* WHAT YOU SHOULD DO
Give the data again exactly as written, without any of its pictures.

* STORED DATA
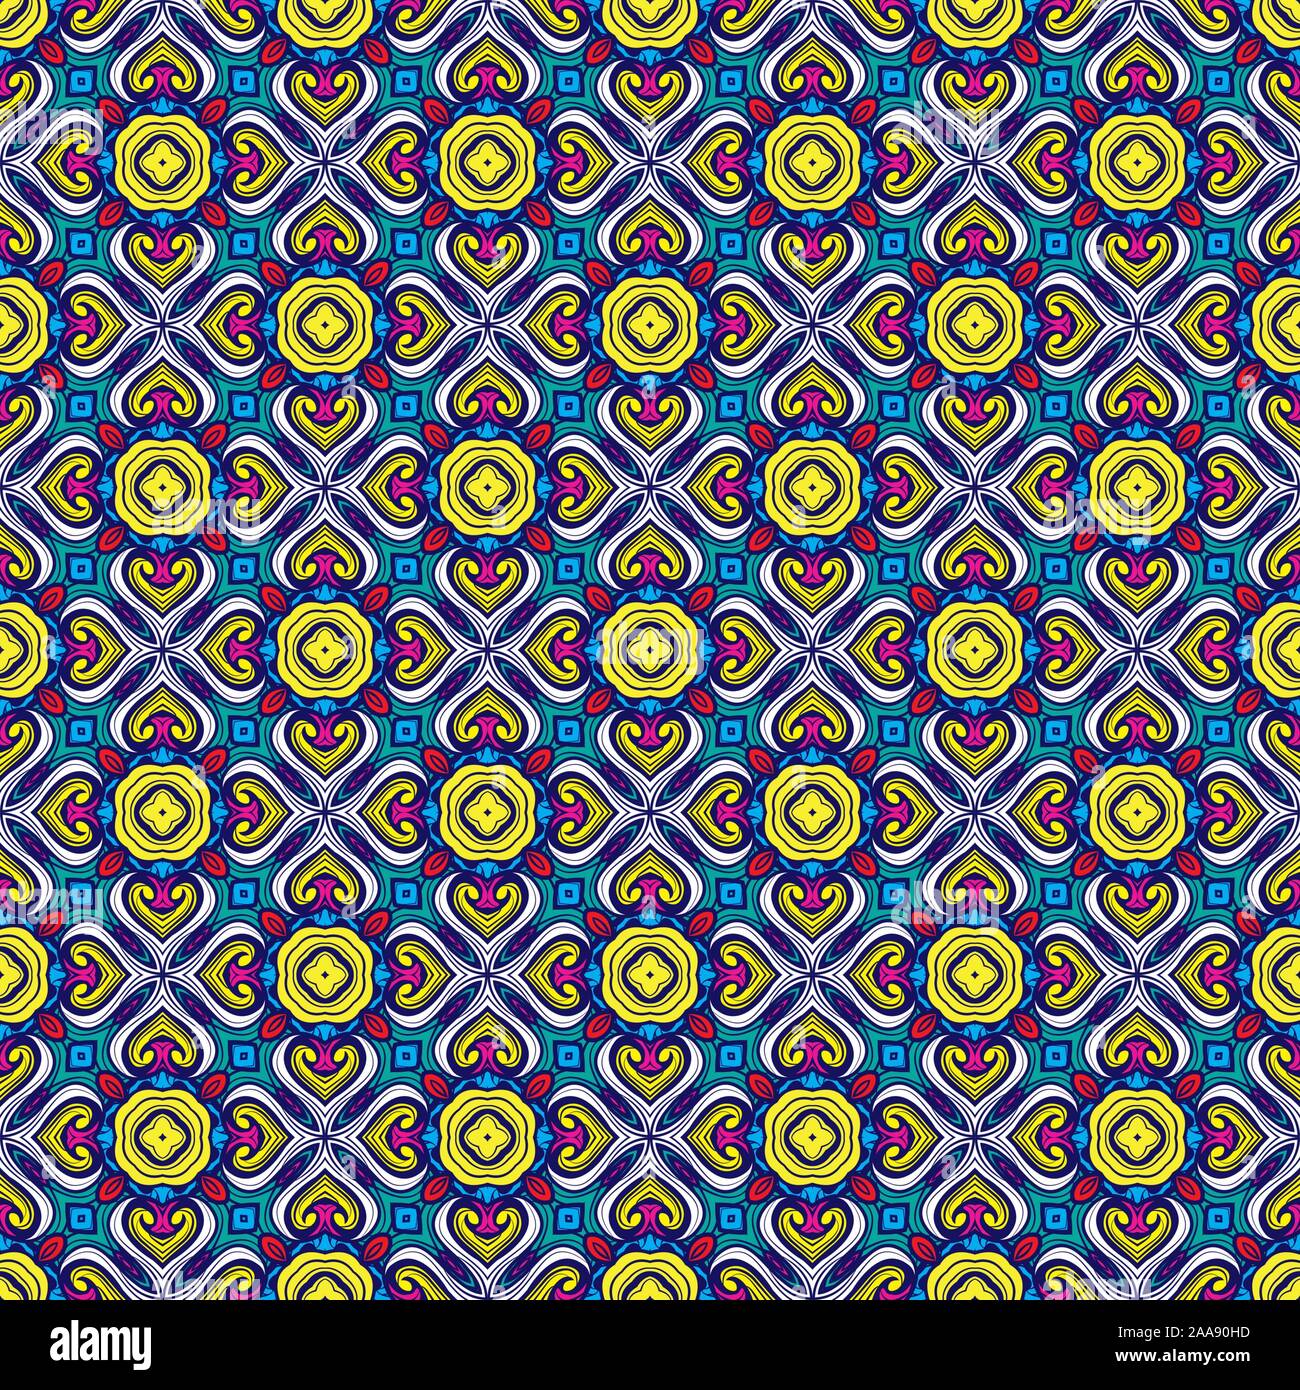 Seamless Abstract Pattern Arabesque fond traditionnel géométrique. L'arabe marocain, Portugal, Damas Floral pour tapis, la texture du papier numérique. Banque D'Images
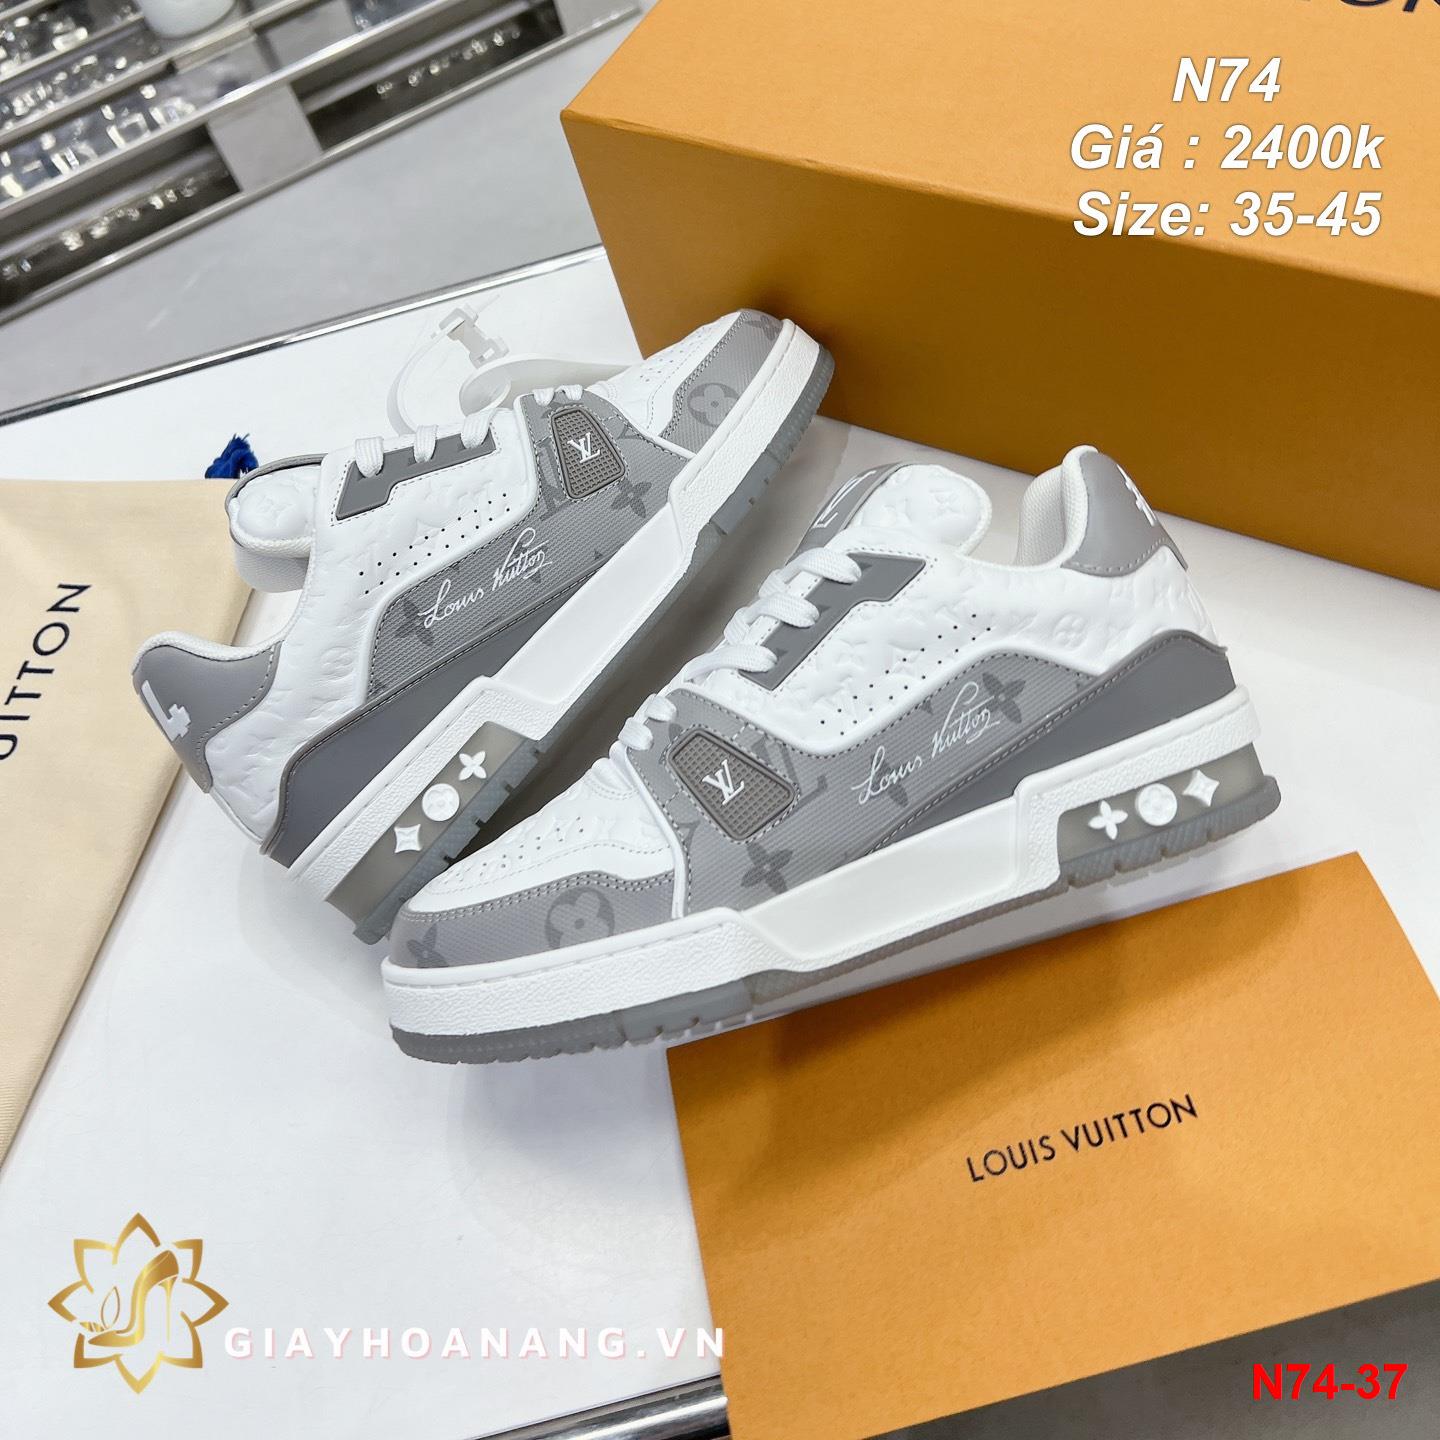 N74-37 Louis Vuitton giày thể thao siêu cấp
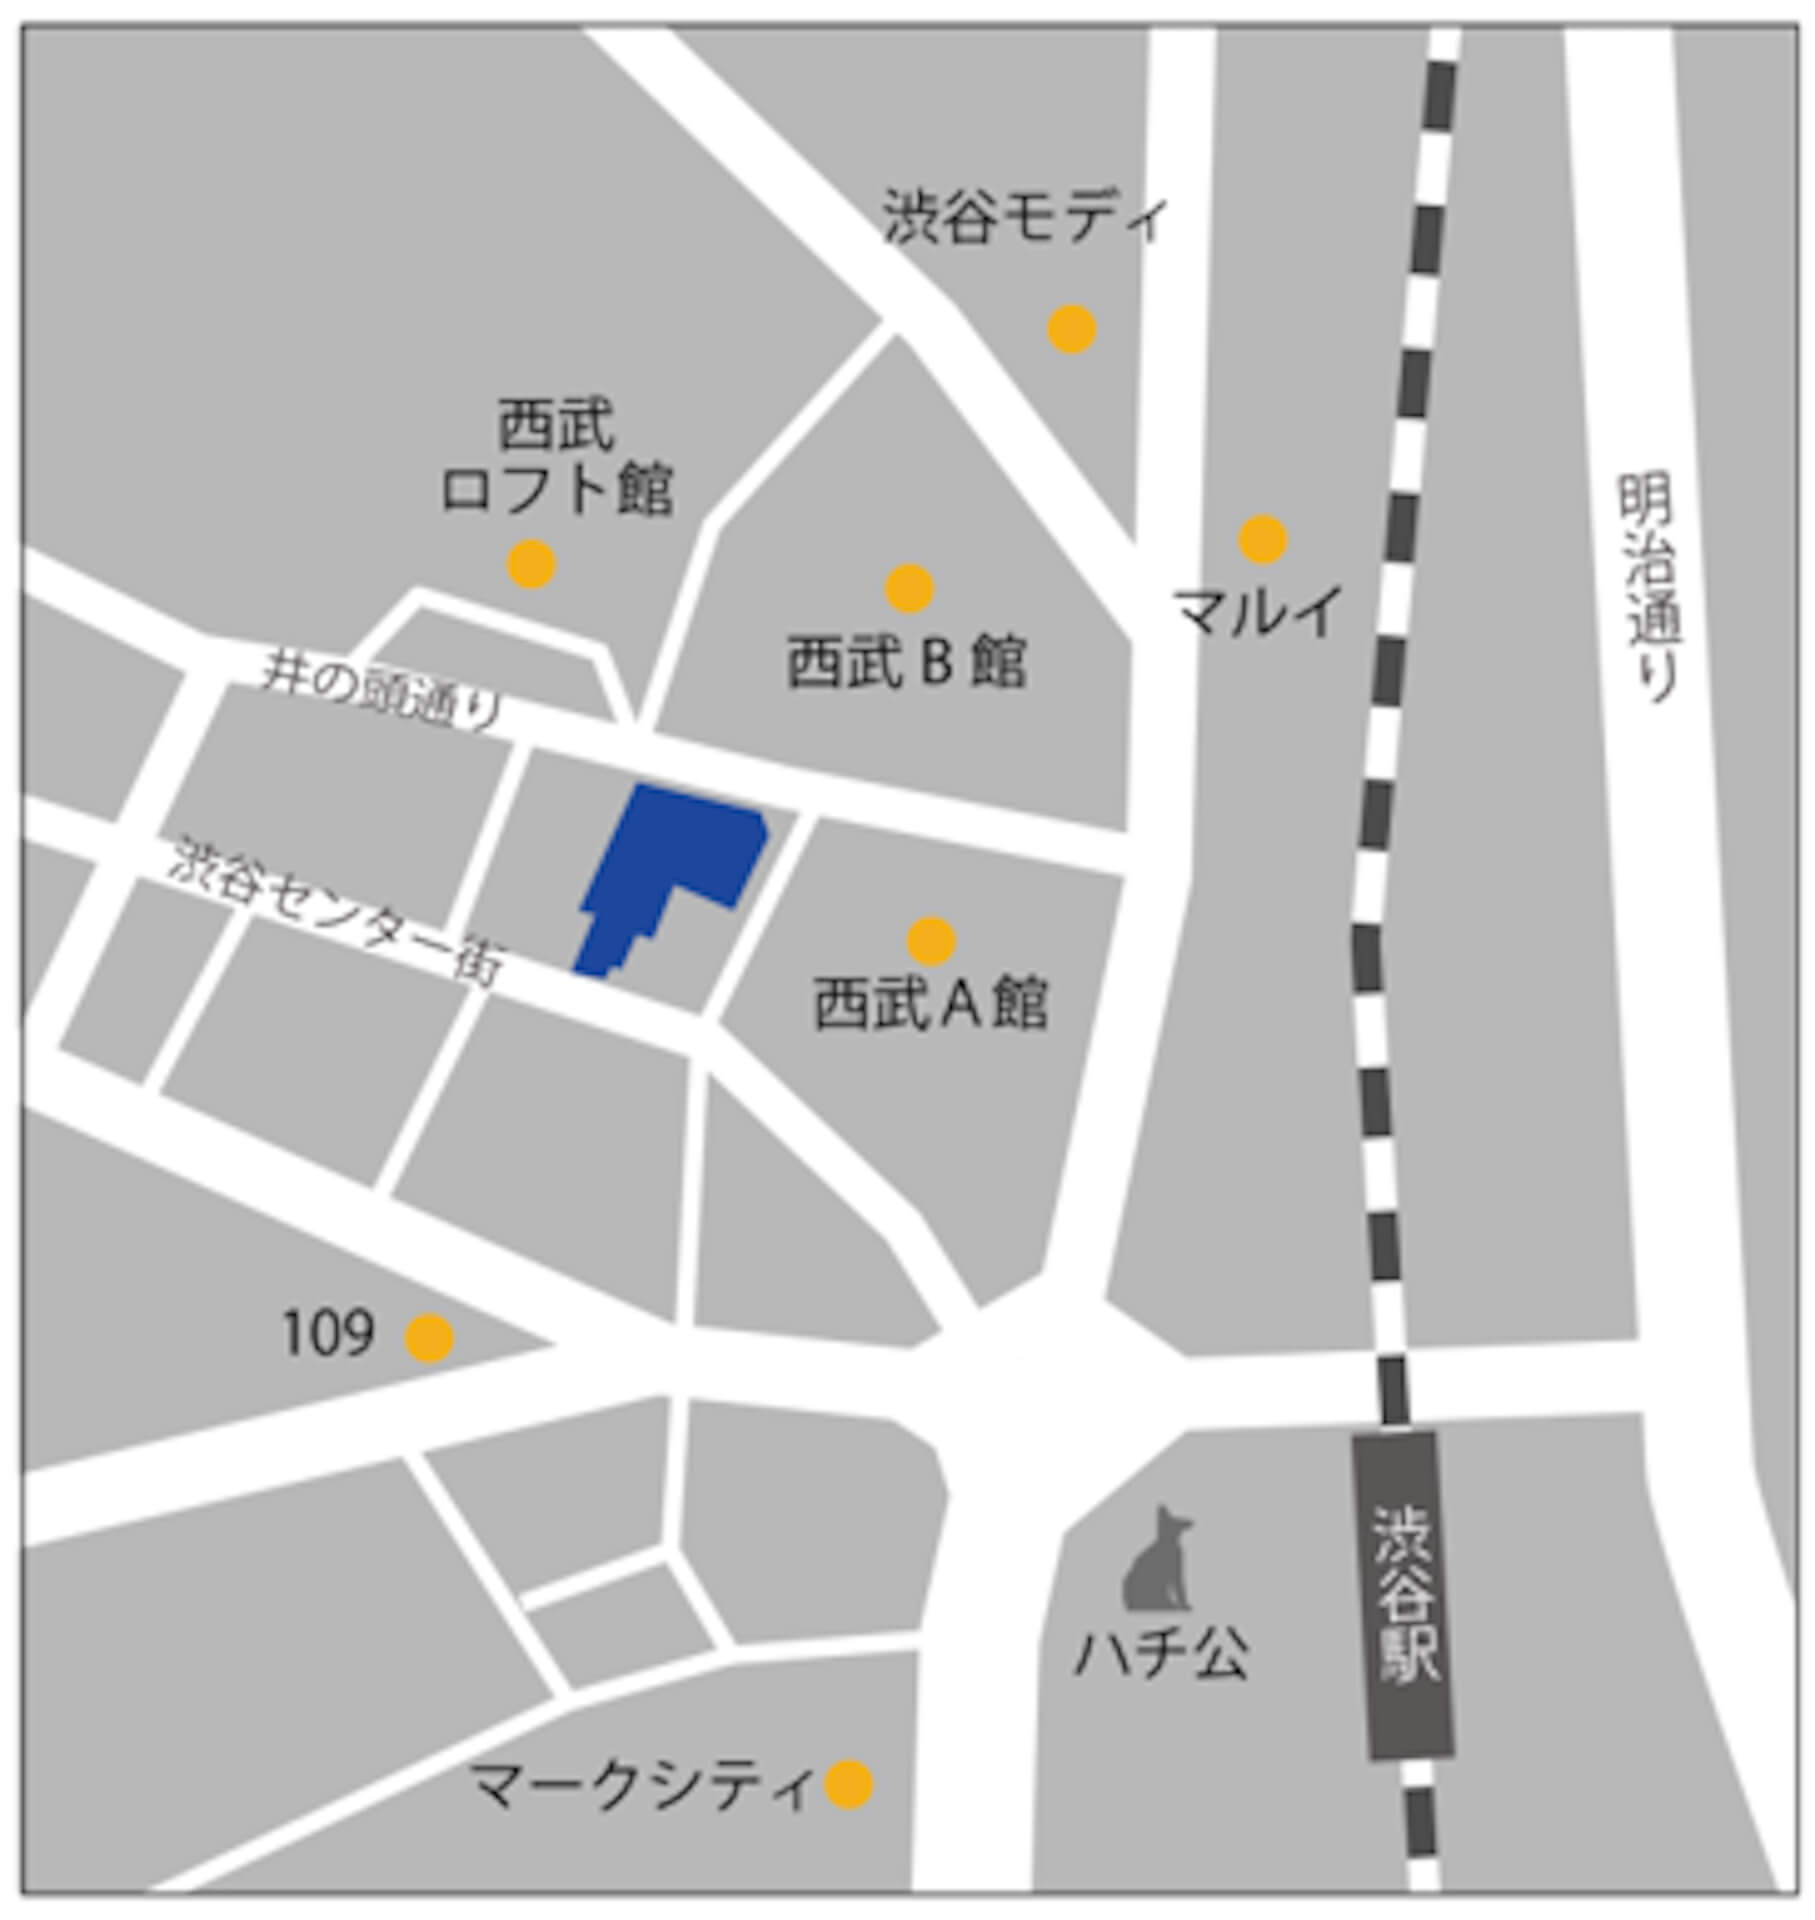 渋谷スクランブル交差点付近にIKEAが上陸！IKEA渋谷が2020年冬開業決定 life200616_ikea_shibuya_2
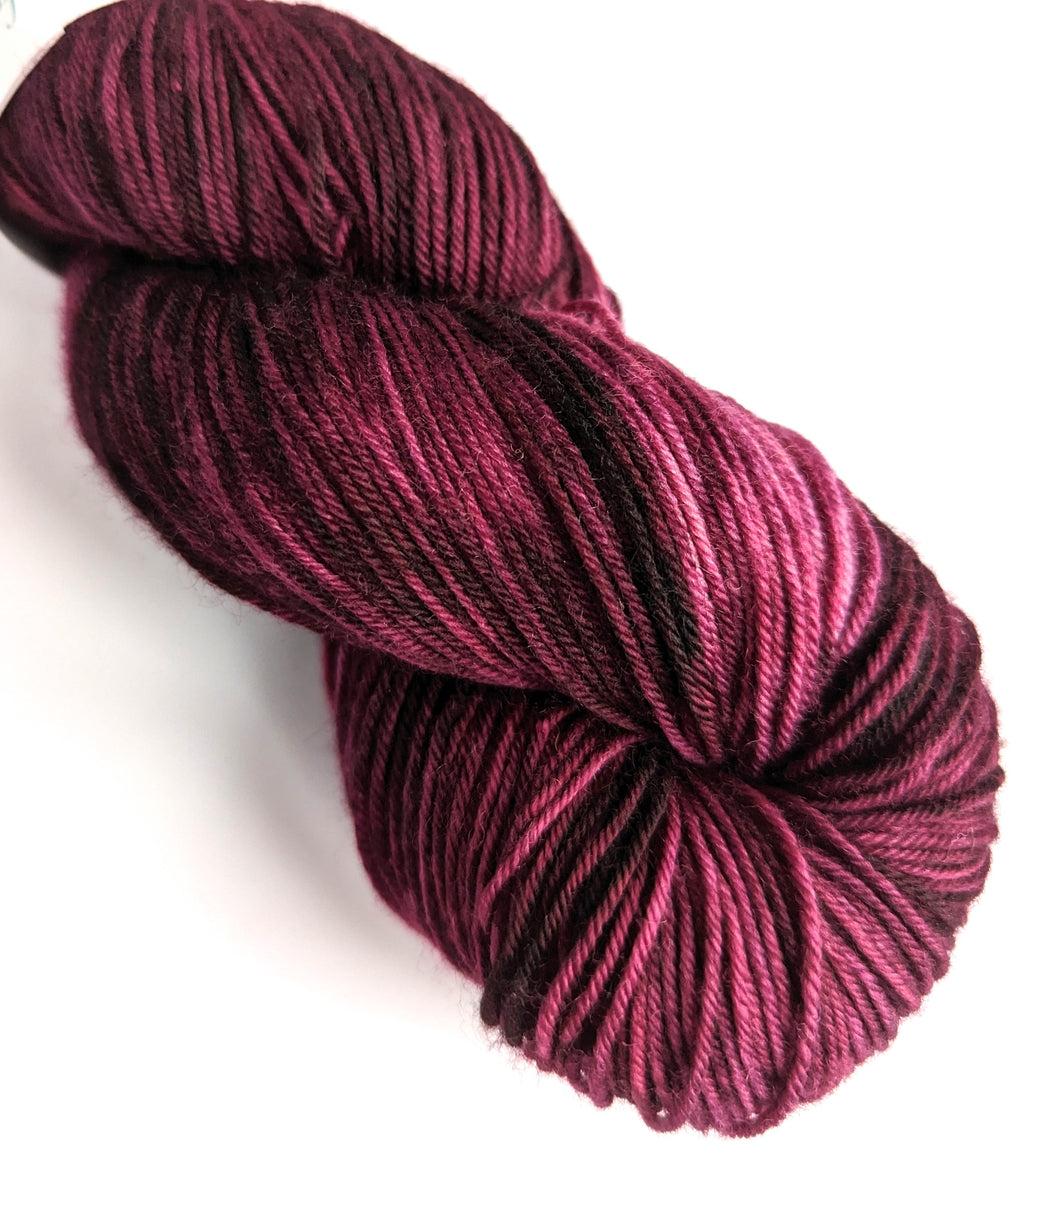 Redplant on a superwash merino/nylon sock yarn.

* SOLUTION FOR THIS TASK
 Seamless Abstract Pattern Arabesque fond traditionnel géométrique. L'arabe marocain, Portugal, Damas Floral pour tapis, la texture du papier numérique. Banque D'Images
 N74-37 Louis Vuitton giày thể thao siêu cấp
 渋谷スクランブル交差点付近にIKEAが上陸！IKEA渋谷が2020年冬開業決定 life200616_ikea_shibuya_2
 Redplant on a superwash merino/nylon sock yarn.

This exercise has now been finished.